# [Work request]
Apart from the pictures, reproduce the data below exactly as it stands.

# [Data shown]
────────────────

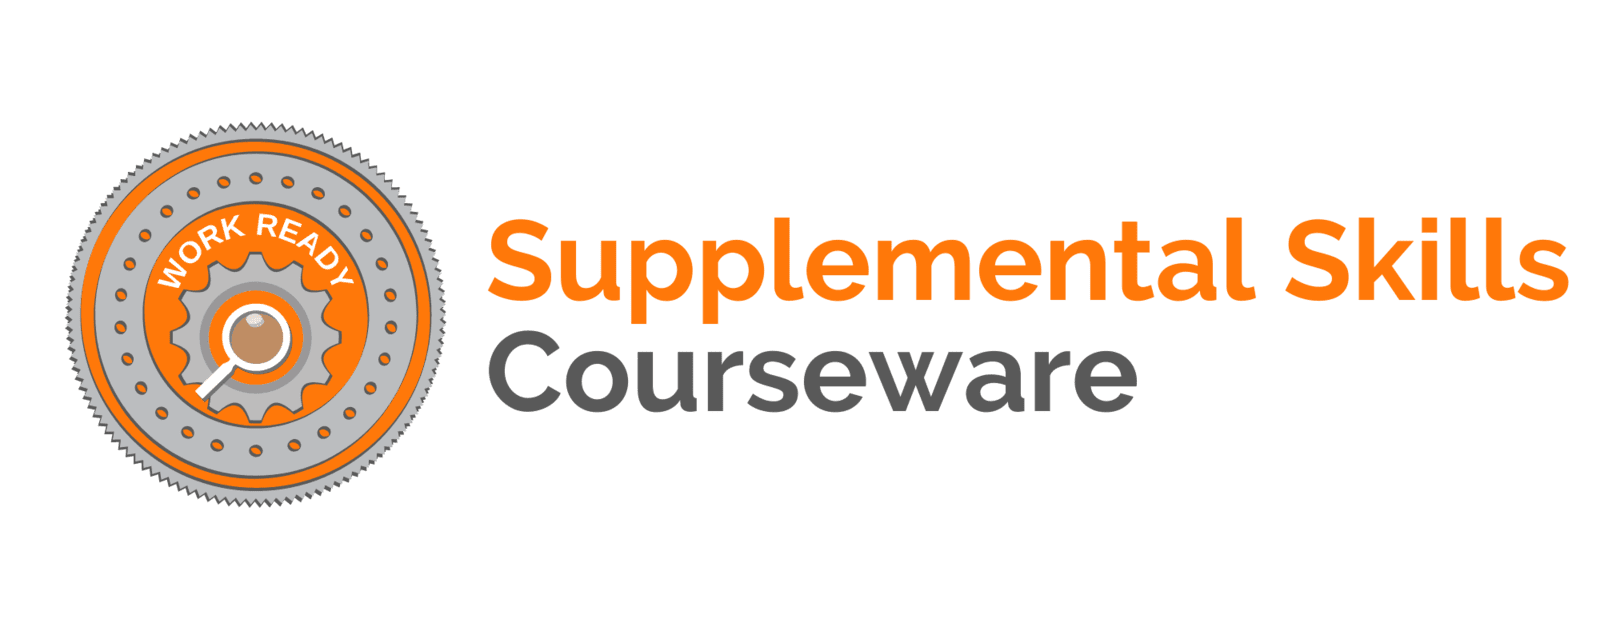 Supplemental Skills Courseware
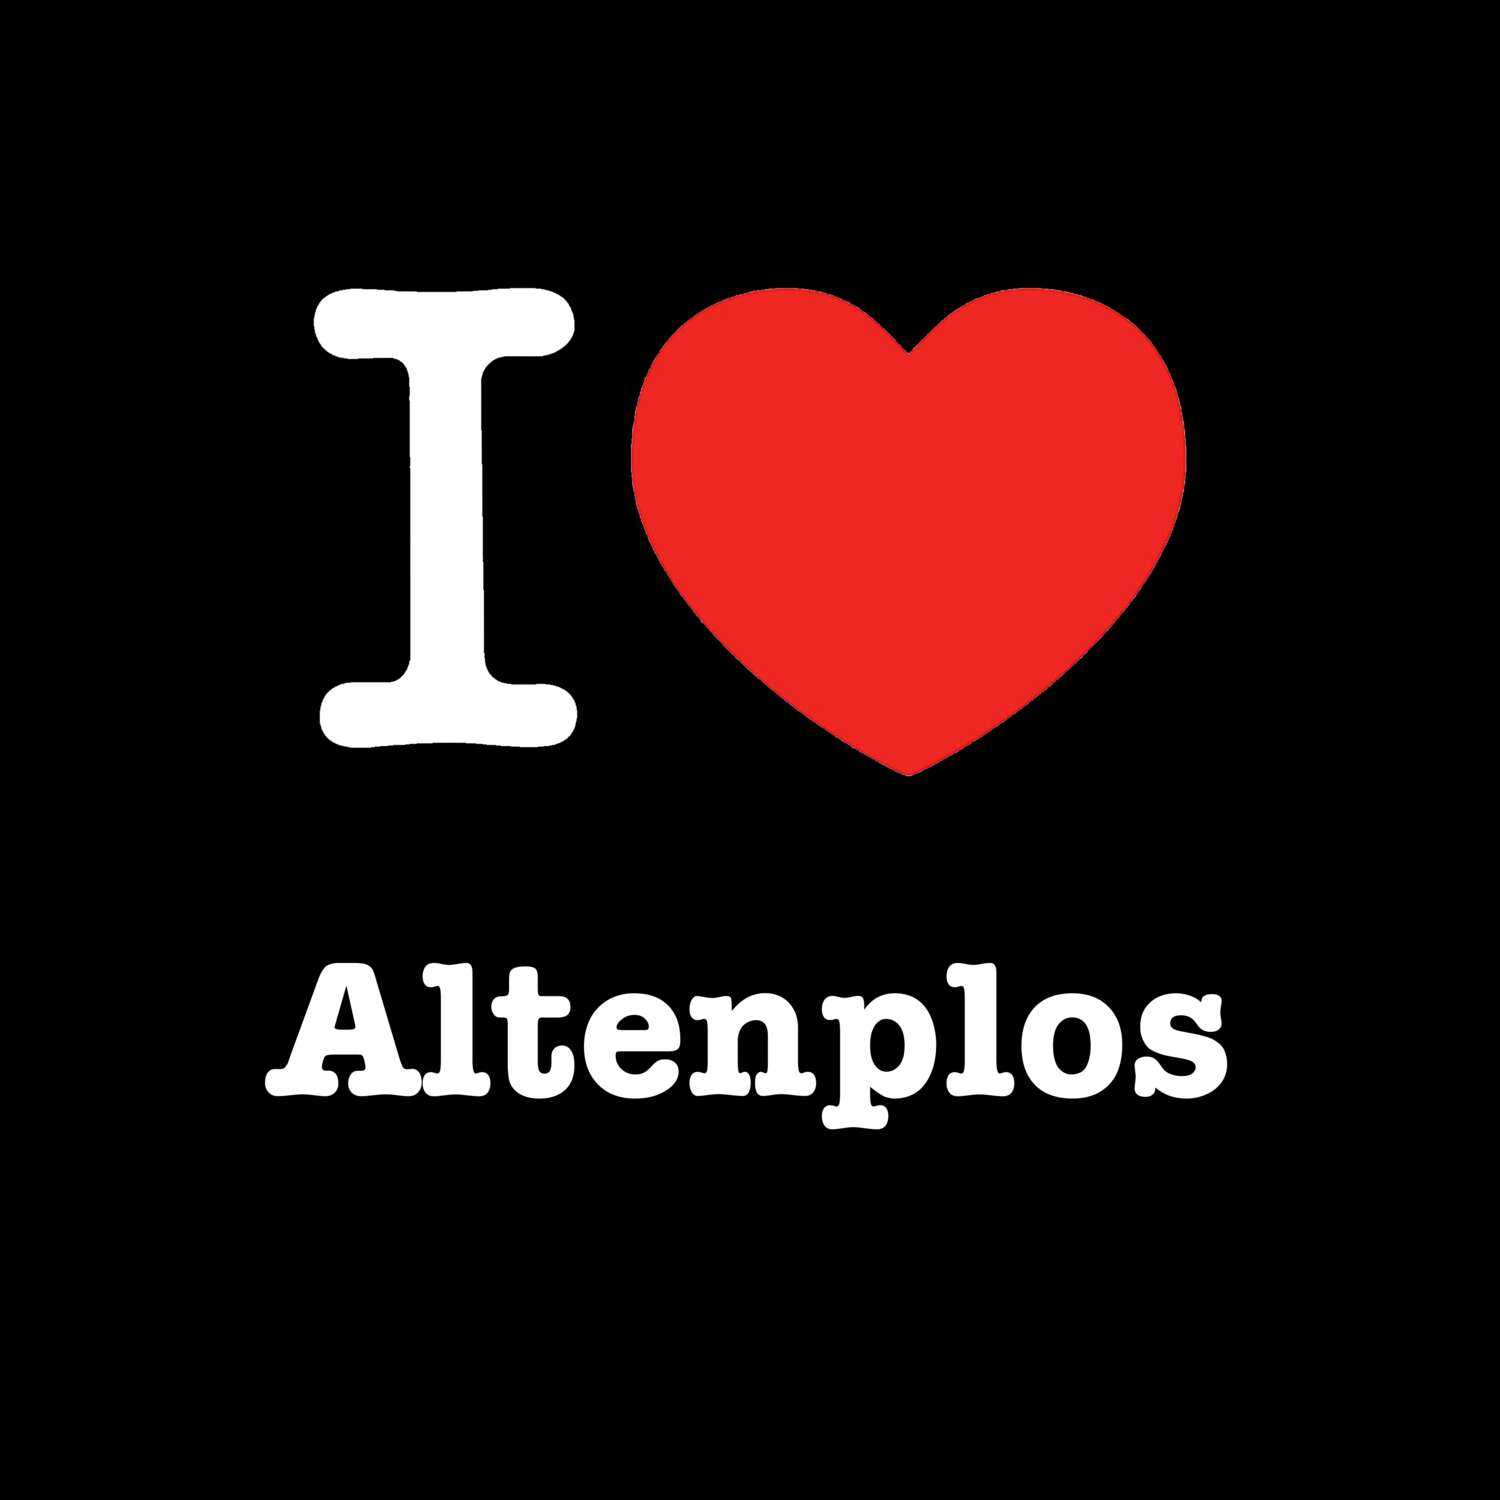 Altenplos T-Shirt »I love«
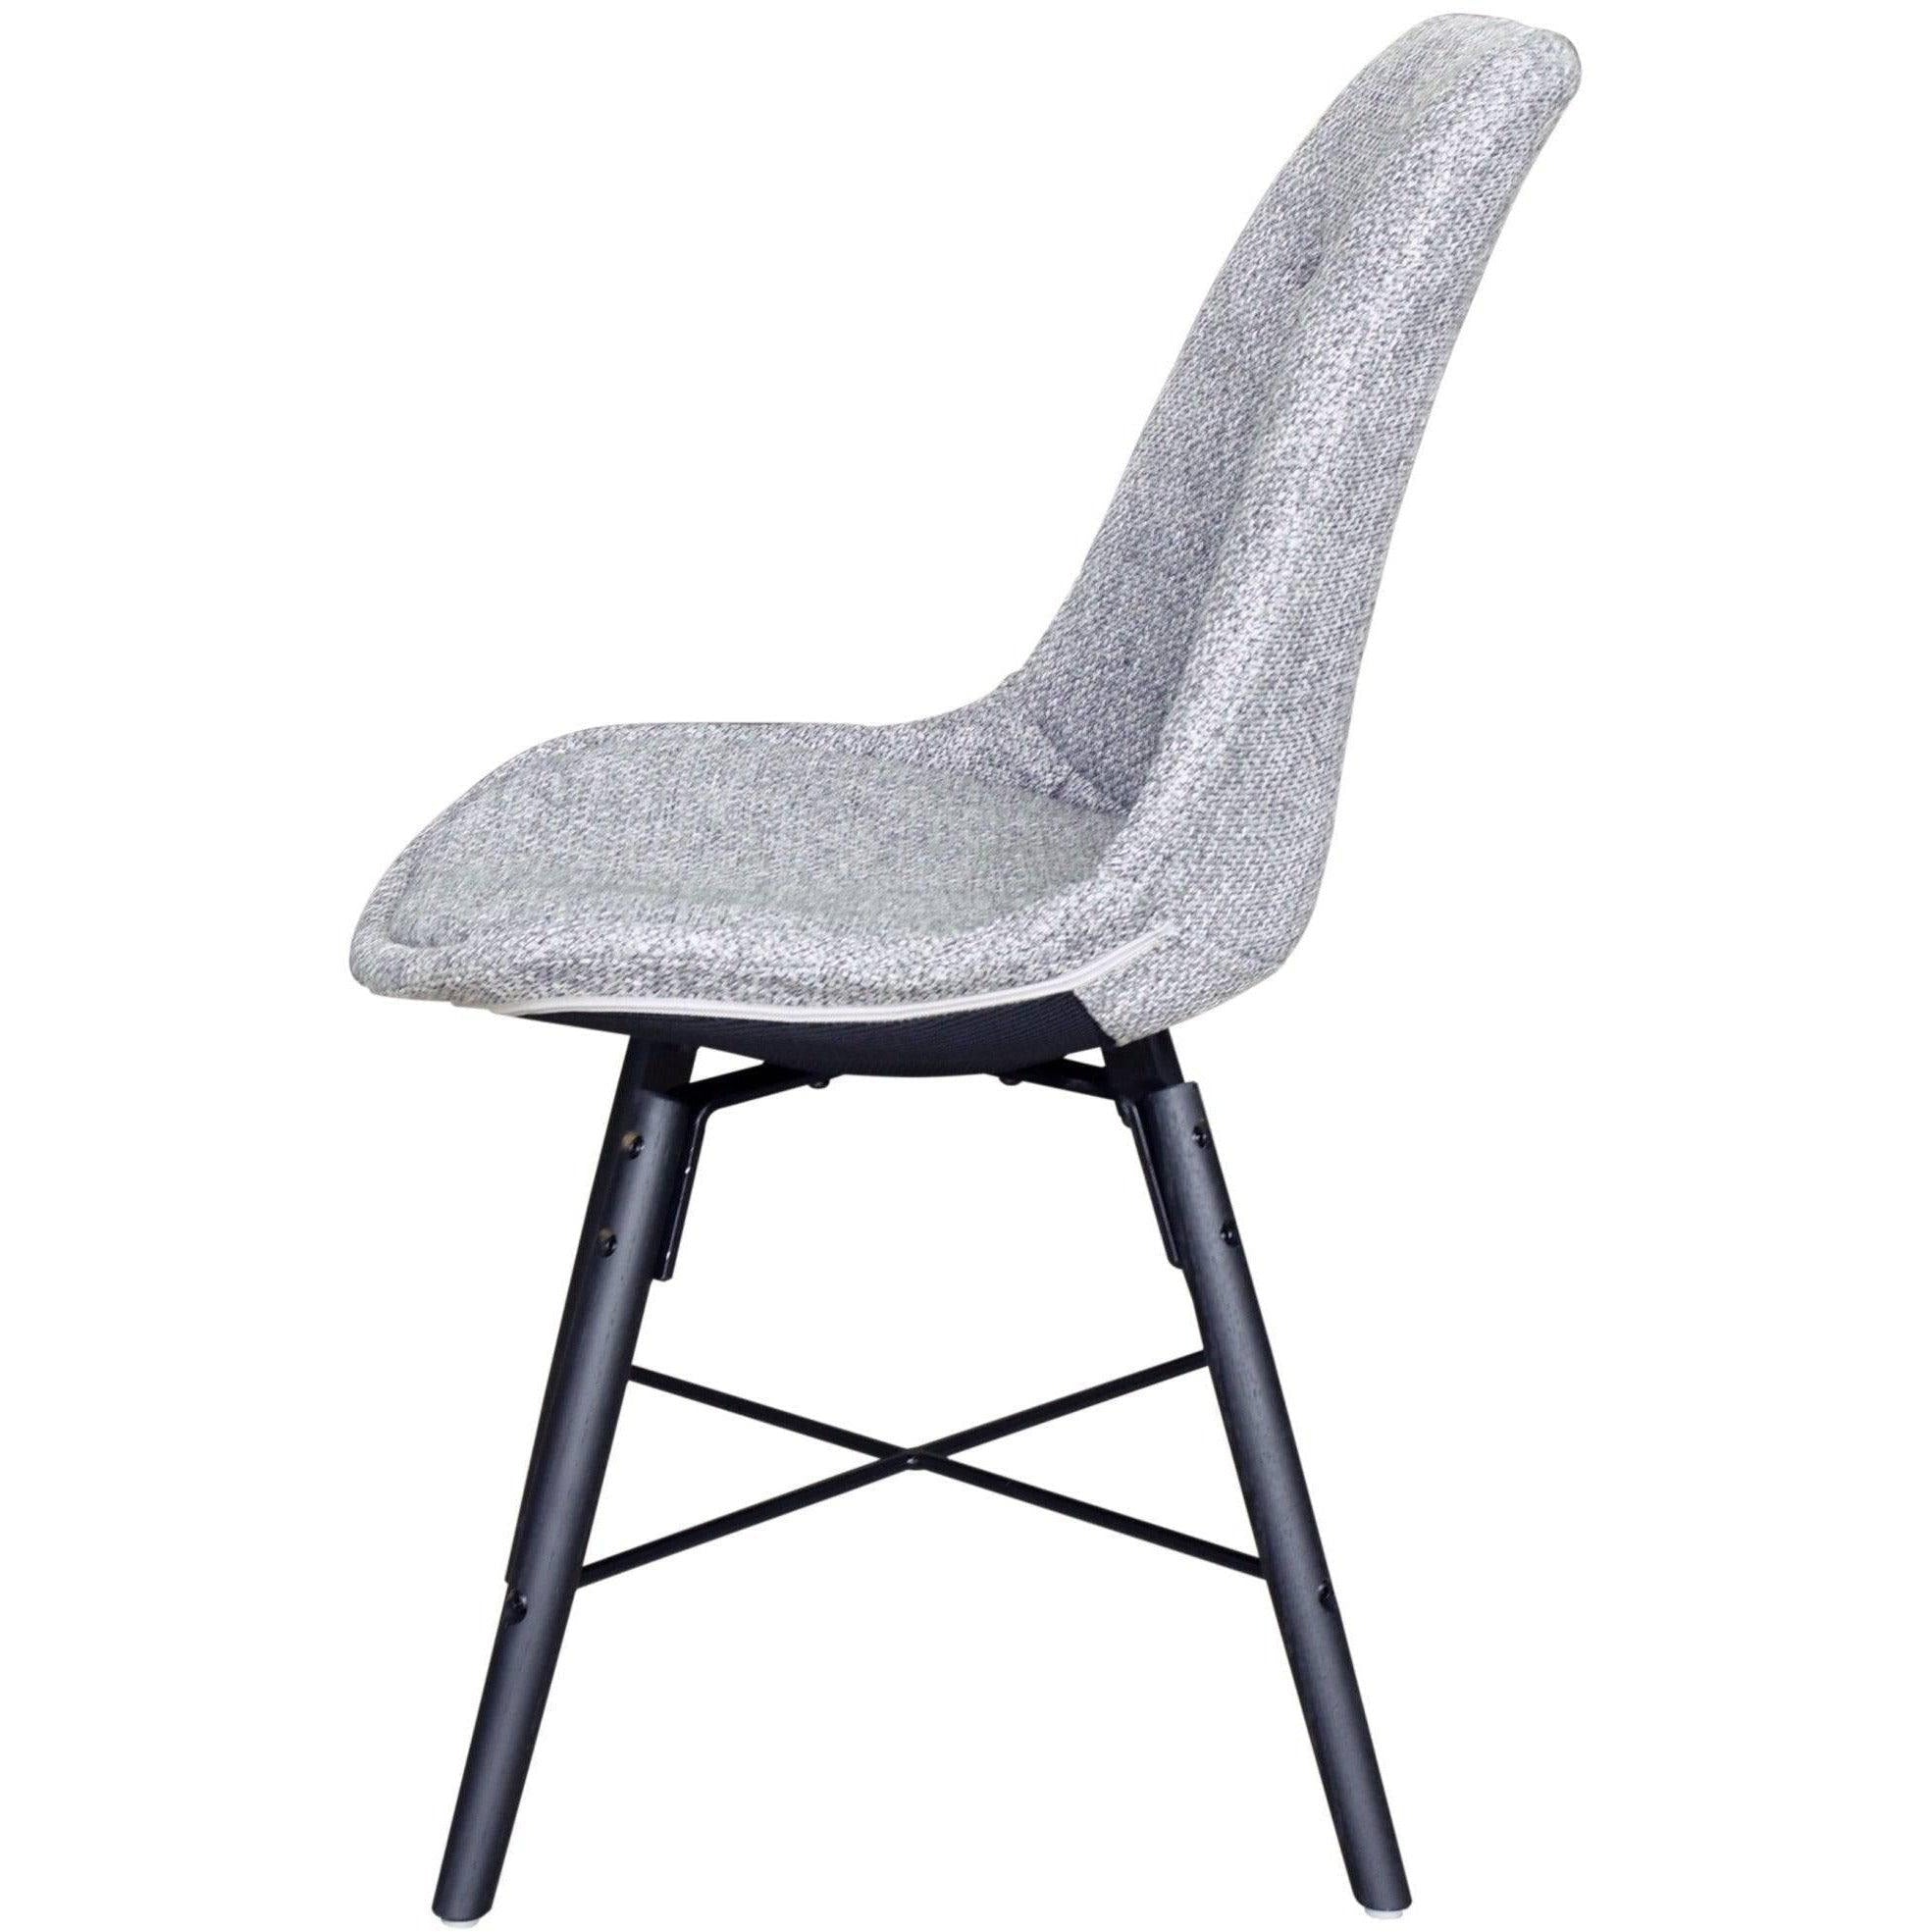 Design chair FORU - デザイナーズチェア - 4937294130150 - 5

────────────────

# [Reply]
 Supplemental Skills Courseware
 Altenplos T-Shirt »I love«
 Design chair FORU - デザイナーズチェア - 4937294130150 - 5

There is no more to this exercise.